Helicopter Weight and Balance

General Concepts

Most helicopters have a much more restricted CG range than do airplanes. In some cases, this range is less than 3". The exact location and length of the CG range is specified for each helicopter, and usually extends a short distance fore and aft of the main rotor mast or centered between the main rotors of a dual rotor system. Whereas airplanes have a center of gravity range only along the longitudinal axis, helicopters have both longitudinal and lateral center of gravity ranges. Because the wings extend outward from the center of gravity, airplanes tend to have a great deal of lateral stability.

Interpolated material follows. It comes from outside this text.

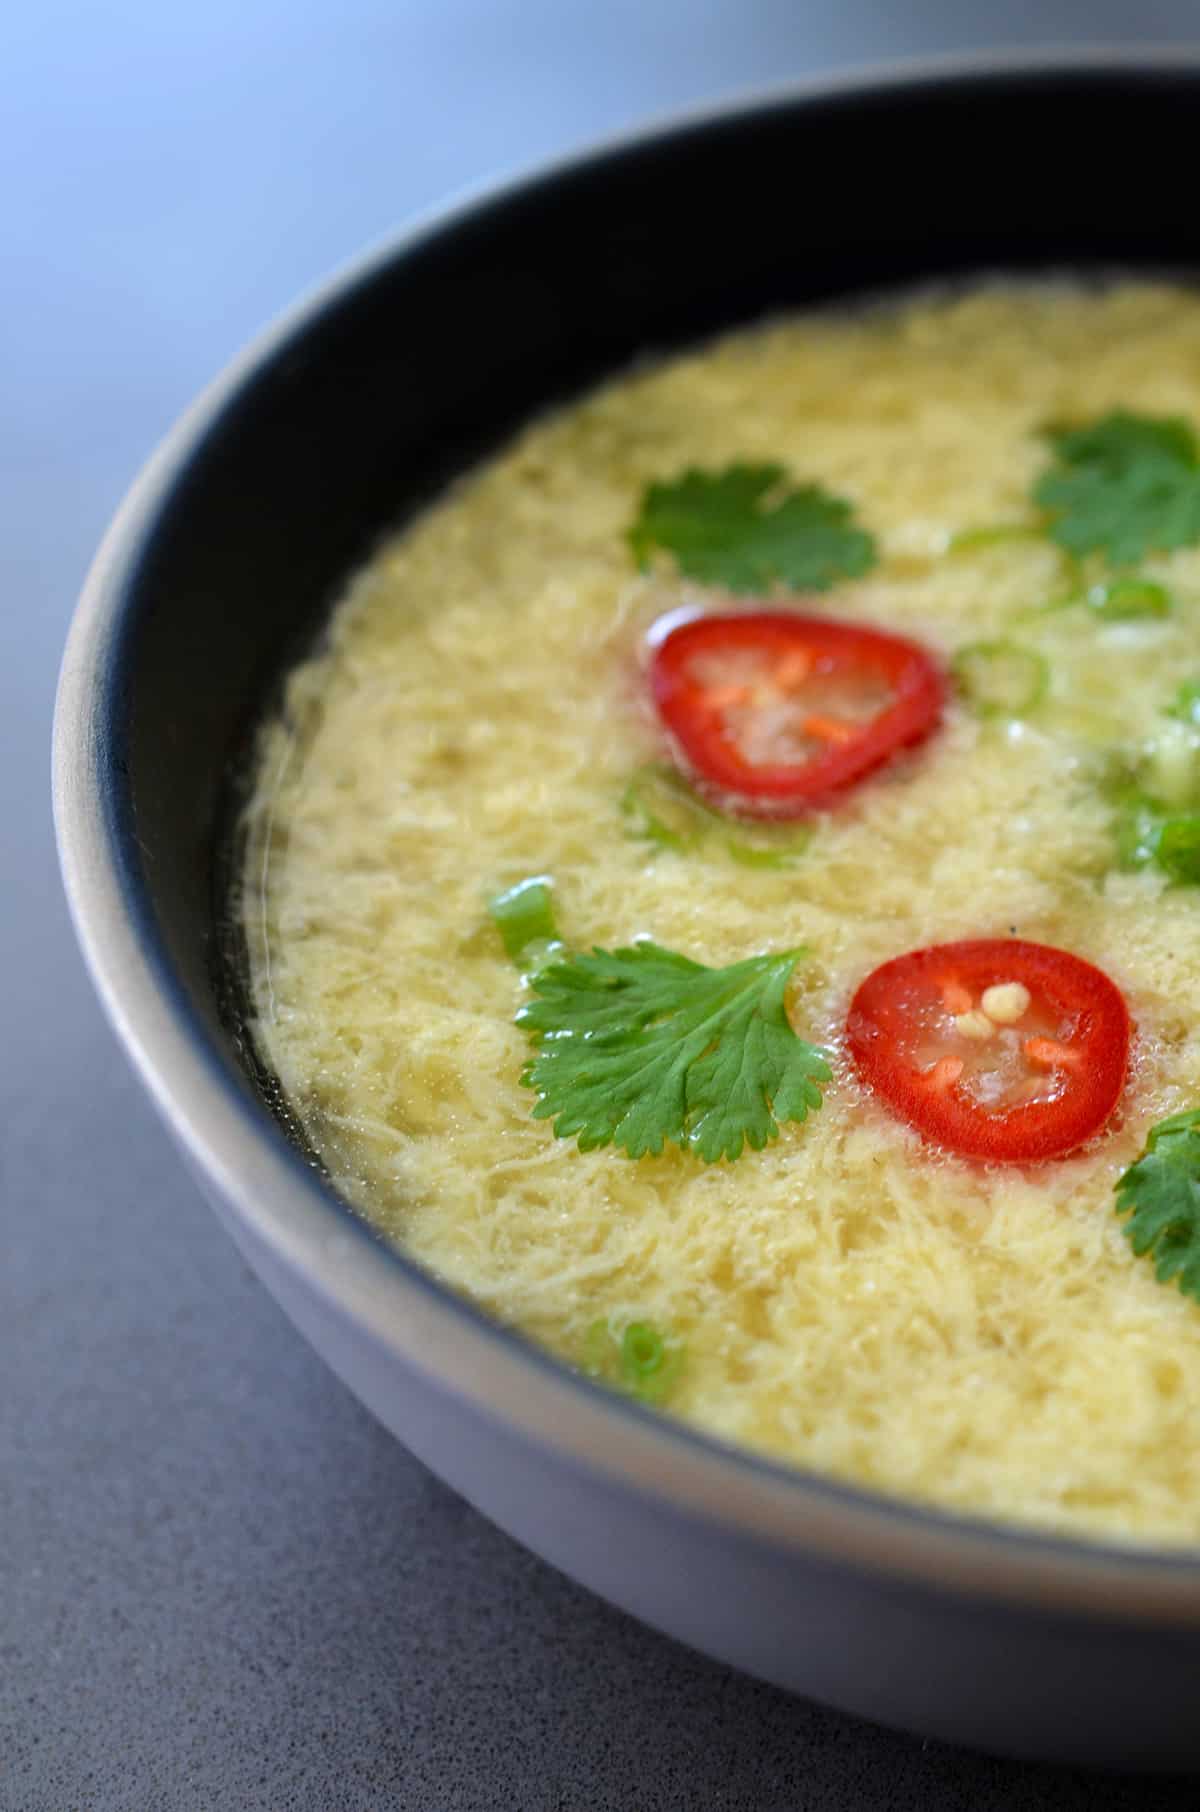 A bowl of egg drop soup topped with scallions, cilantro, and red peppers.

A helicopter, on the other hand, acts like a pendulum, with the weight of the helicopter hanging from the main rotor shaft.

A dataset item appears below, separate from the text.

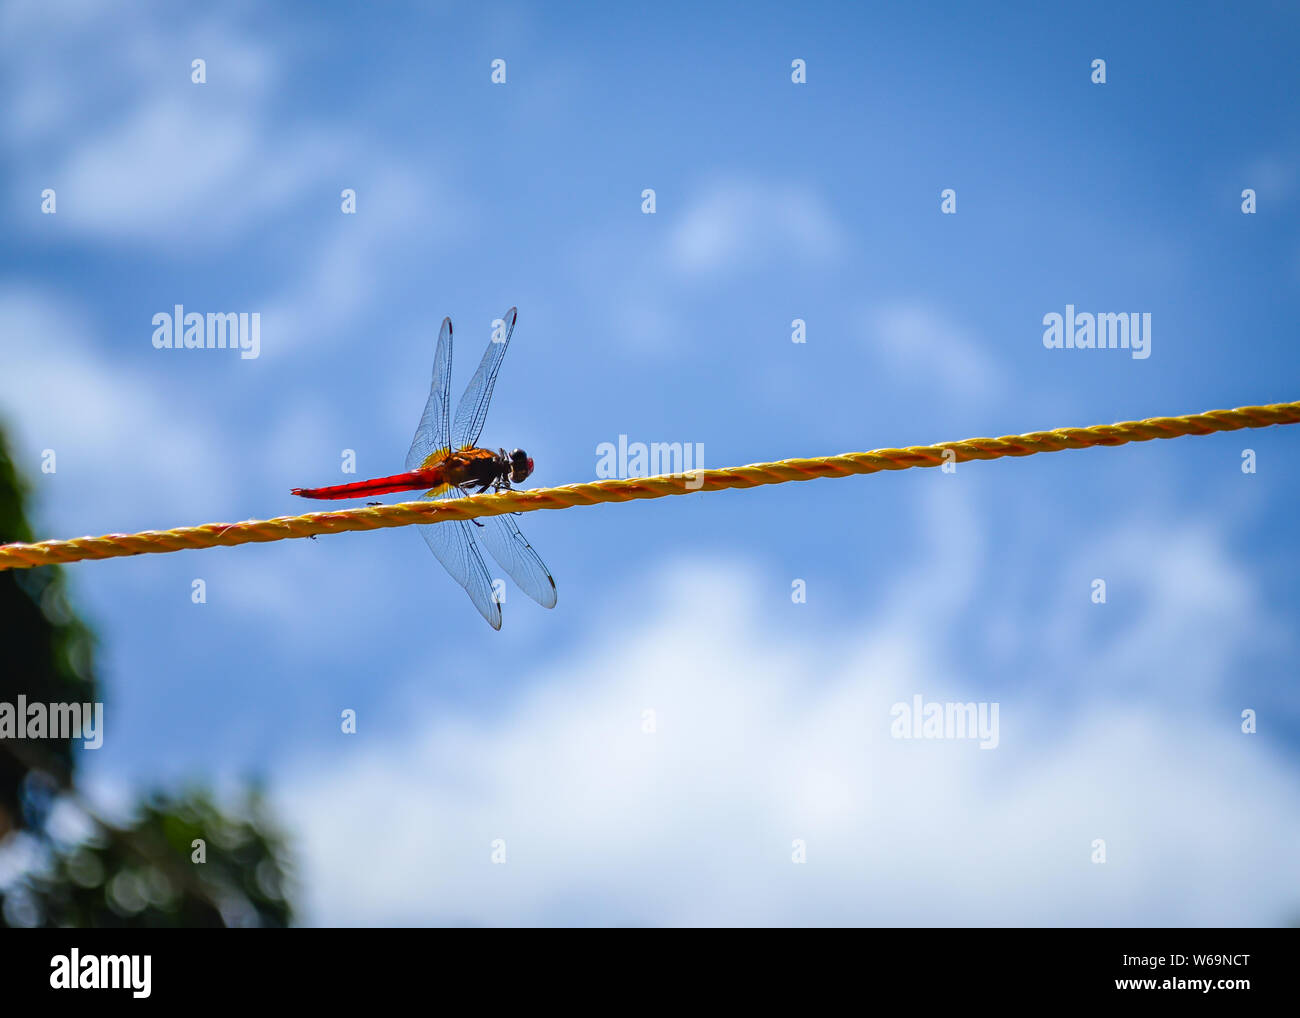 Red Dragonfly dancing on a yellow plastic rope against a blue sky background. Stock Photo

Ideally, the helicopter should have such perfect balance that the fuselage remains horizontal while in a hover.

If the helicopter is too nose heavy or tail heavy while it is hovering, the cyclic pitch control will be used to keep the fuselage horizontal. If the CG location is too extreme, it may not be possible to keep the fuselage horizontal or maintain control of the helicopter.

Helicopter Weighing

When a helicopter is being weighed, the location of both longitudinal and lateral weighing points must be known to determine its empty weight and empty weight CG. This is because helicopters have longitudinal and lateral CG limits. As with the airplane, the longitudinal arms are measured from the datum, with locations behind the datum being positive arms and locations in front of the datum being negative arms. Laterally, the arms are measured from the butt line, which is a line from the nose to the tail running through the middle of the helicopter. When facing forward, arms to the right of the butt line are positive; to the left they are negative.

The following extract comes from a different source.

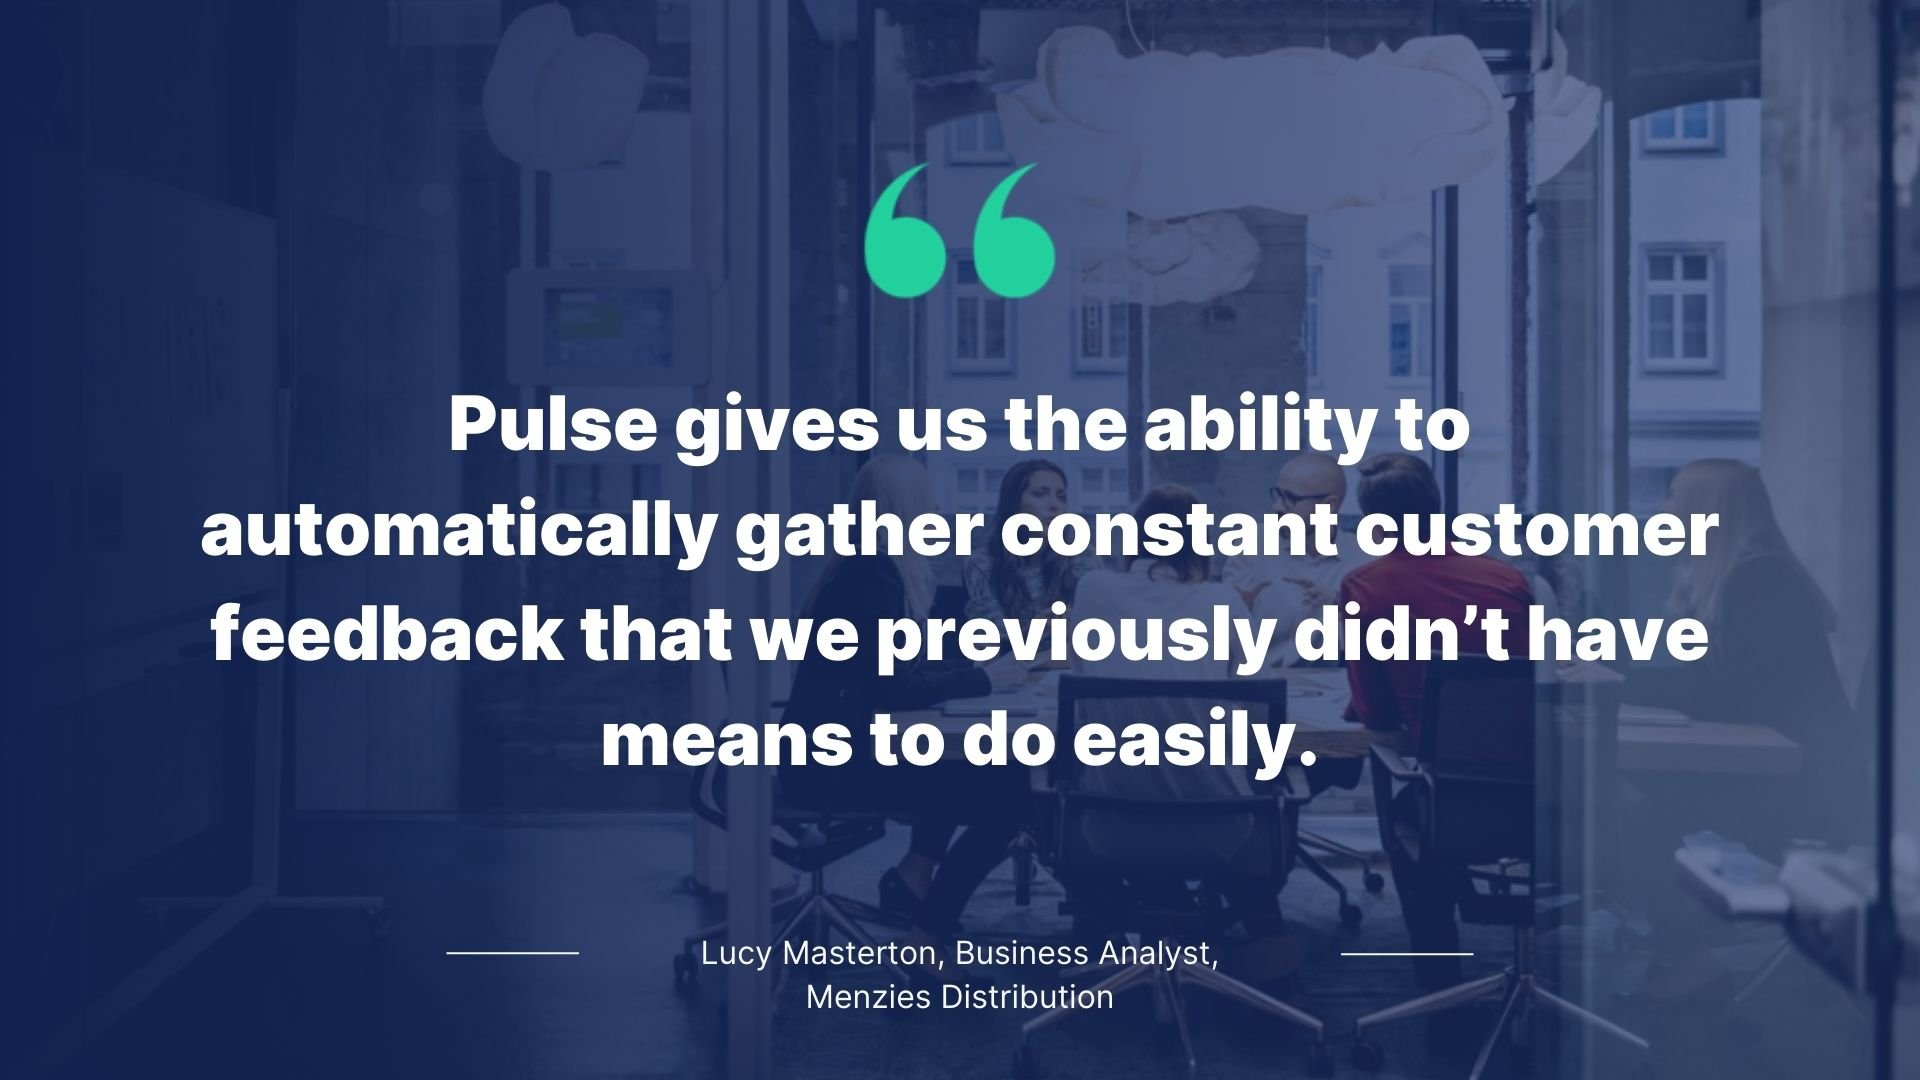 Quote by Lucy Masterton, Business Analyst, Menzies Distribution: Pulse gives us the ability to automatically gather constant customer feedback that we previously didn't have the means to do easily.

Before a helicopter is weighed, it must be leveled longitudinally and laterally. This can be done with a spirit level, but more often than not it is done with a plumb bob. For example, the Bell JetRanger has a location inside the aft cabin where a plumb can be attached, and allowed to hang down to the cabin floor. On the cabin floor is a plate bearing cross hairs, with the cross hairs corresponding to the horizontal and lateral axis of the helicopter. When the point of the plumb bob falls in the middle of the cross hairs, the helicopter is level along both axes. If the tip of the plumb bob falls forward of this point, the nose of the helicopter is too low; if it falls to the left of this point, the left side of the helicopter is too low. In other words, the tip of the plumb bob will always move toward the low point.

A Bell JetRanger helicopter is shown in Figure 4-35, with the leveling plate depicted on the bottom right of the figure. The helicopter has three jack pads, two at the front and one in the back. To weigh this helicopter, three jacks would be placed on floor scales, and the helicopter would be raised off the hangar floor. To level the helicopter, the jacks would be adjusted until the plumb bob point falls exactly in the middle of the cross hairs.

As an example of weighing a helicopter, consider the Bell JetRanger in Figure 4-35, and the following specifications and weighing data.

Using six column charts for the calculations, the empty weight and the longitudinal and lateral center of gravity for the helicopter would be as shown in Figure 4-36.

Based on the calculations in Figure 4-36, it has been determined that the empty weight of the helicopter is 1,985 lb, the longitudinal CG is at +108.73", and the lateral CG is at –0.31".